Given data:
----------
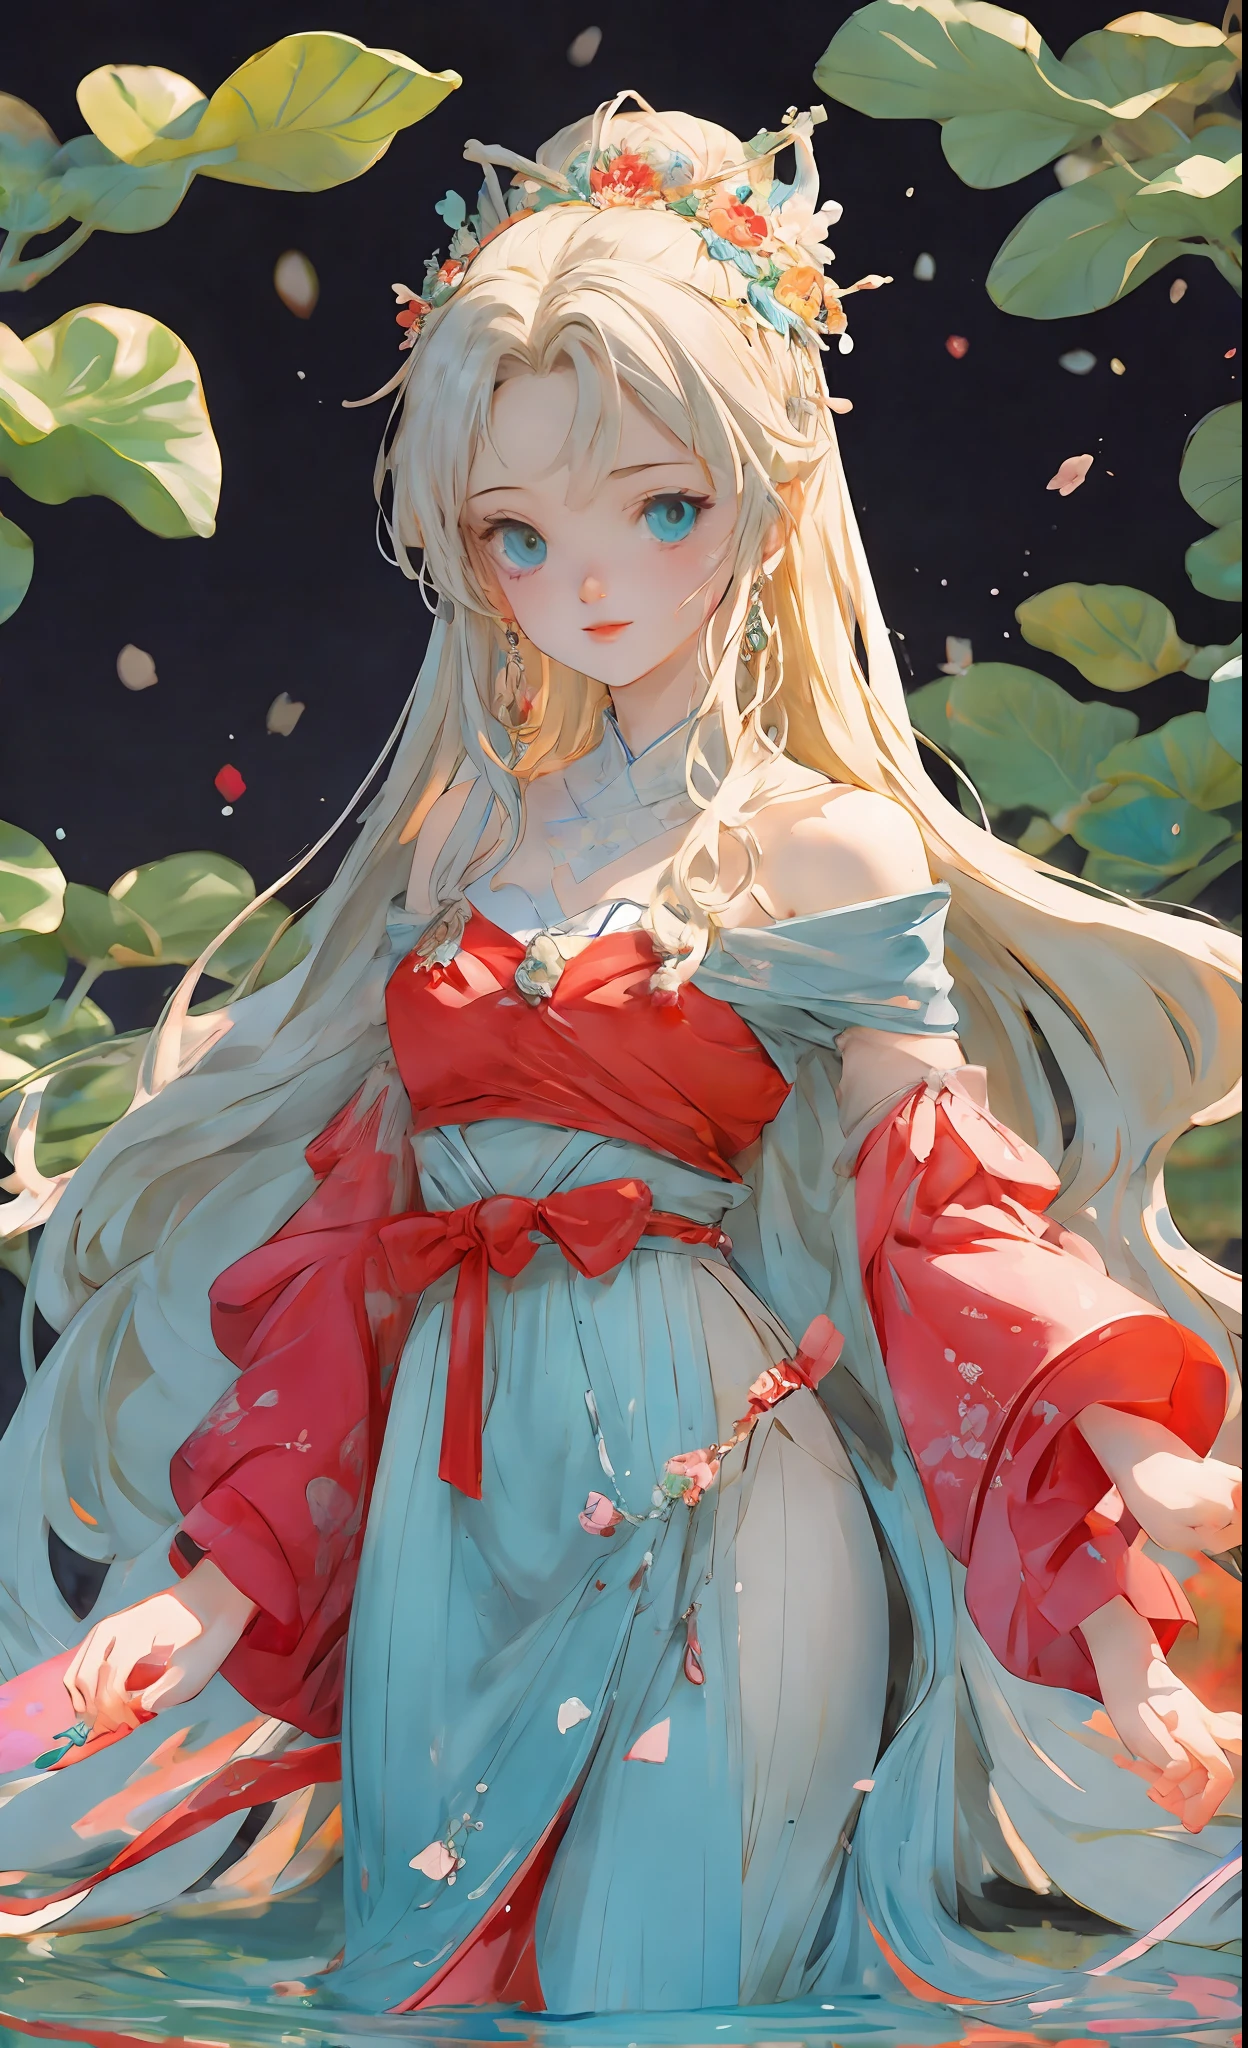 Cold facial features, high nose bridge, slender eyes, hanging eyes, adult female, thirty-year-old female, serious expression, cold, masterpiece, best quality, official art, 8k wallpaper, very detailed, a girl, ancient chinese clothing, full body, sunlight, clear face, clean white background, masterpiece, super detail, epic composition, ultra hd, high quality, extremely detailed, official art, uniform 8k wallpaper, super detail, 32k red pupils, an extremely delicate and beautiful girl, 8k wallpaper, Best quality, full body close-up, white long dress, luxurious silky bright red chiffon flood (illusion, glitter, ultra-thin, soft,) Hanfu illustration, 1 girl, sky blue hair, long hair, detailed eyes, Forrest Gump, bare shoulders, Hanfu, lake, pure, soft smile, bamboo, tea, high quality, masterpiece, masterpiece, exquisite facial features, delicate hair, delicate eyes, delicate colored hair, 4K picture quality, brilliant light and shadow, Tyndall effect, halo, messy hair, youthful state, gorgeous scene, exquisite clothes, chains , feathers, big eyes of ancient Chinese beauties very detailed, digital painting, artstation, concept art, clear focus, illustration, art by Greg Rutkowski and Alphonse Mucha and Victo ngai
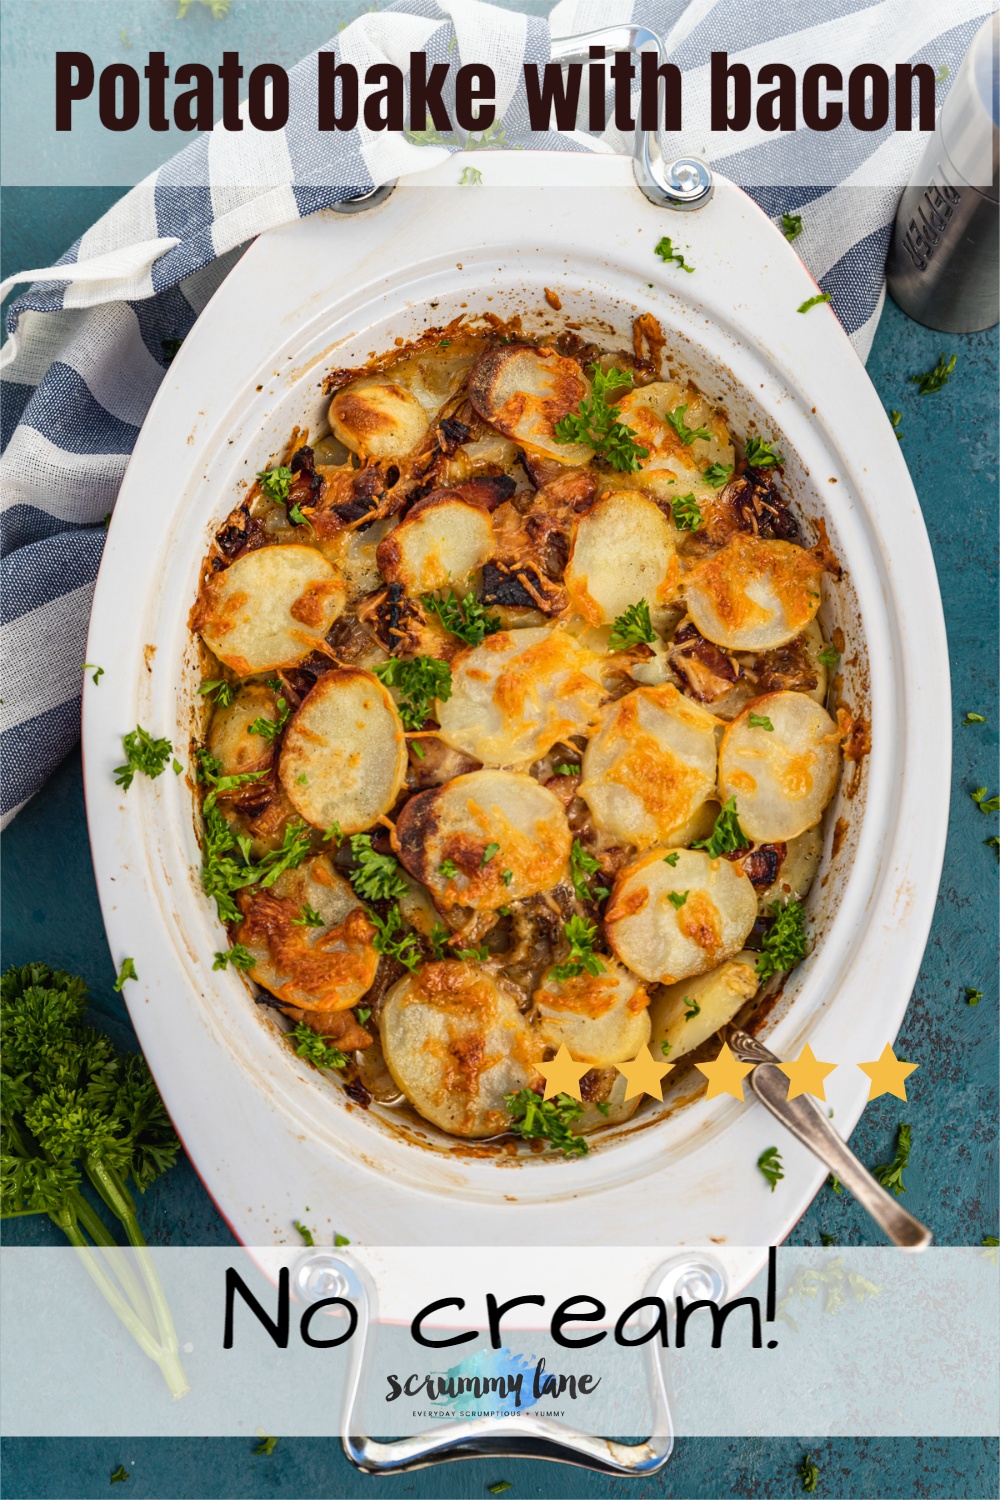 A potato bake with bacon or boulangere potatoes from above in an oval baking dish with a blue and white striped tea towel
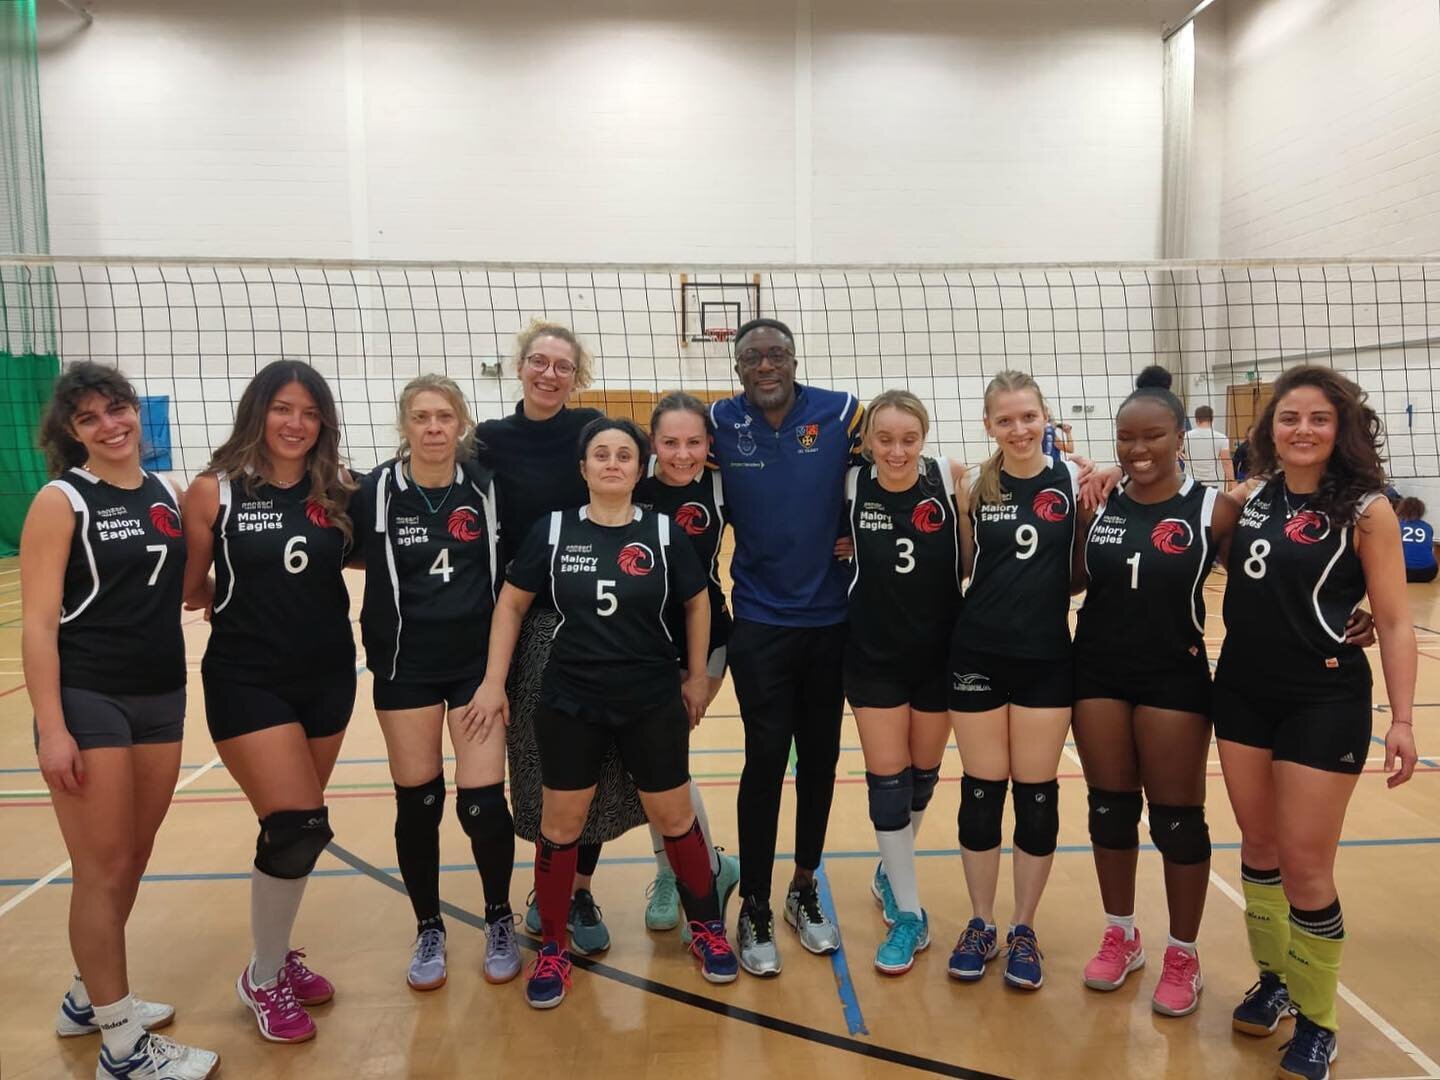 Big congrats to our Malory Eagles Red!

They gave it all at their last game against @flamingsixvolleyball Cobras and finished the season in the 4th position! Although they have been through lots of injuries from their team, they have stayed strong an
----------
What you have to do: Set out nothing but the lines from the line with "Big congrats to our Malory Eagles Red!" through the end of the material, reproduced exactly, both ends included, pictures omitted.

Answer below:
 Big congrats to our Malory Eagles Red!

They gave it all at their last game against @flamingsixvolleyball Cobras and finished the season in the 4th position! Although they have been through lots of injuries from their team, they have stayed strong an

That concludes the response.